Un bilan peut être proposé après plusieurs mois de rapports réguliers sans contraception sans grossesse, mais aussi plus tôt lorsqu’il existe des facteurs de risque connus : antécédent de chirurgie testiculaire, varicocèle, infection génitale, traitement contre un cancer, trouble hormonal, problème d’érection ou d’éjaculation, exposition professionnelle particulière, ou encore âge plus avancé.
Le premier rendez-vous : comprendre l’histoire médicale
Avant toute analyse, le médecin commence généralement par un entretien. Cette étape est essentielle car la fertilité masculine dépend de nombreux paramètres.
Le professionnel de santé peut notamment s’intéresser aux antécédents médicaux et chirurgicaux, aux traitements en cours, aux infections anciennes, à la puberté, à d’éventuelles douleurs testiculaires, aux habitudes de vie, au tabac, à l’alcool, au cannabis, aux pratiques sportives, à la prise éventuelle de produits dopants ou de testostérone, ainsi qu’aux conditions de travail.
Des questions peuvent également porter sur la sexualité du couple : fréquence des rapports, troubles de l’érection, difficultés d’éjaculation ou antécédents de conception.
Ce rendez-vous permet de déterminer quels examens sont réellement utiles et d’éviter de multiplier les tests sans raison.
Le spermogramme : l’examen central du bilan masculin
Le spermogramme est souvent le premier examen biologique demandé. Il permet d’étudier plusieurs caractéristiques du sperme, notamment le volume de l’éjaculat, la concentration des spermatozoïdes, leur nombre total, leur mobilité et certains autres paramètres.
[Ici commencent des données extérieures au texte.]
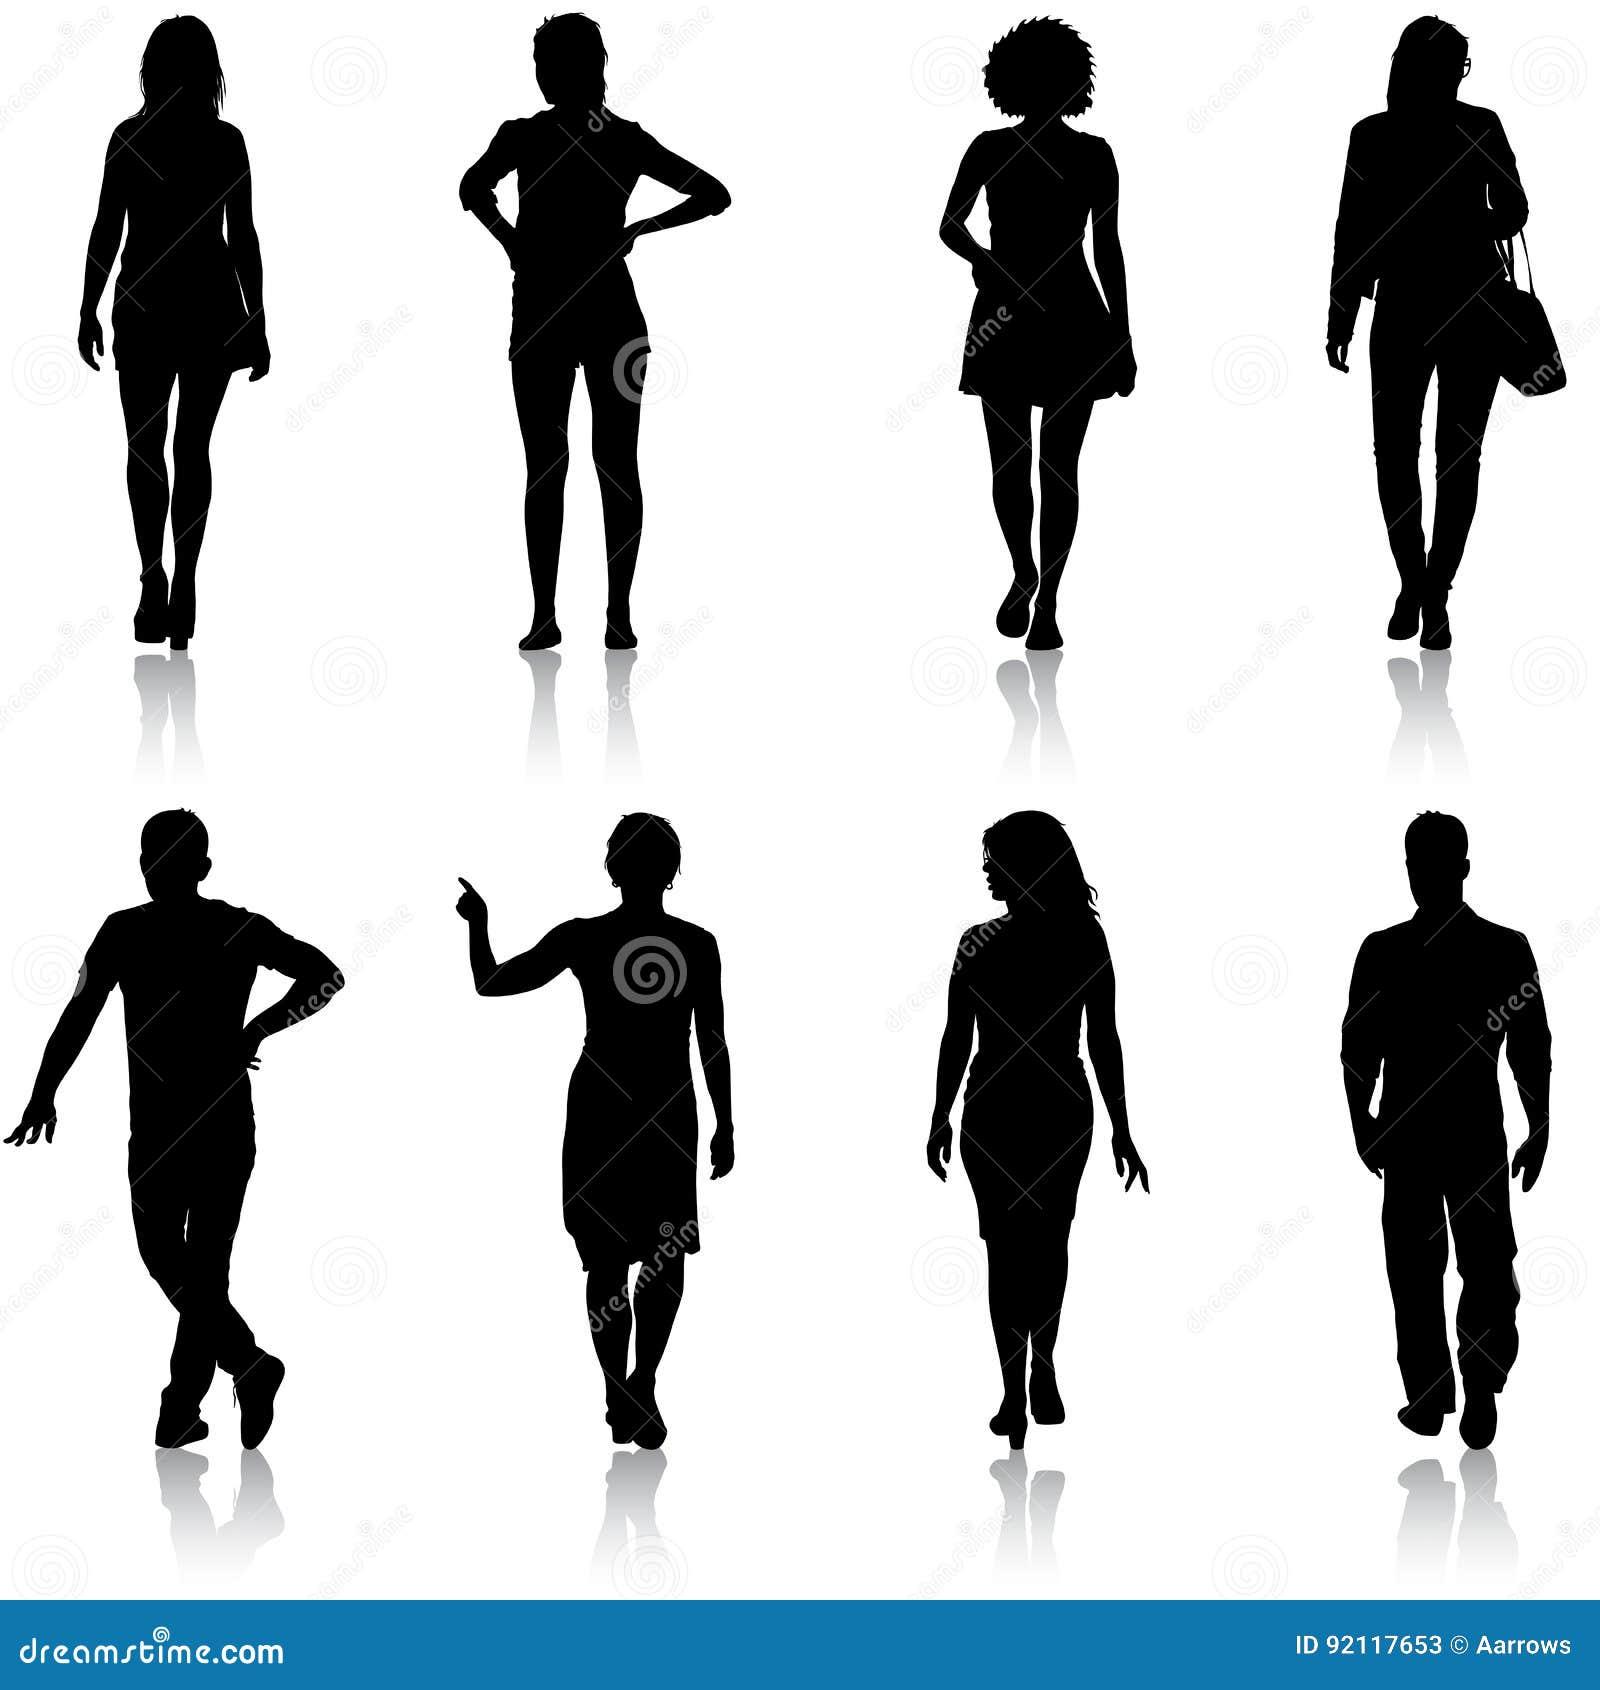 Grupo de personas negro de la silueta que se coloca en diversas actitudes

Le prélèvement est généralement réalisé par masturbation dans un laboratoire ou dans une structure spécialisée, selon un protocole précis. Une période d’abstinence sexuelle de quelques jours peut être demandée afin de standardiser au mieux les conditions du prélèvement.
Pour de nombreux hommes, cet examen peut être source d’appréhension, surtout lorsqu’il est réalisé dans un environnement médical. Il faut garder à l’esprit qu’il s’agit d’un examen extrêmement courant dans les parcours de fertilité.
Un spermogramme anormal ne signifie pas forcément infertilité
C’est probablement le point le plus important à retenir. Un spermogramme ne fonctionne pas comme un test « fertile ou infertile ».
Les paramètres spermatiques peuvent varier d’un prélèvement à l’autre. Une fièvre récente, une infection, certains traitements, une période de stress important ou d’autres facteurs transitoires peuvent modifier temporairement les résultats.
C’est pourquoi un résultat perturbé peut conduire le médecin à demander un second prélèvement après un délai adapté. L’interprétation doit toujours être faite dans son ensemble et dans le contexte du couple.
Pour mieux comprendre ce premier niveau d’exploration, Planète Papa propose également un guide consacré aux examens de fertilité masculine, qui permet de se familiariser avec les principaux tests réalisés au cours d’un bilan.
Le spermocytogramme : observer la forme des spermatozoïdes
Le spermocytogramme est souvent réalisé en complément du spermogramme. Il s’intéresse notamment à la morphologie des spermatozoïdes.
La tête, la pièce intermédiaire et le flagelle peuvent être observés afin d’évaluer la proportion de spermatozoïdes présentant une morphologie considérée comme typique selon les critères utilisés par le laboratoire.
Là encore, une anomalie morphologique ne suffit pas, à elle seule, à prédire les chances de conception. Les résultats doivent être interprétés avec les autres paramètres du sperme et avec le bilan de la partenaire.
La spermoculture : rechercher une infection lorsque cela est nécessaire
Une spermoculture peut être prescrite dans certaines situations afin de rechercher une infection du sperme ou des voies génitales.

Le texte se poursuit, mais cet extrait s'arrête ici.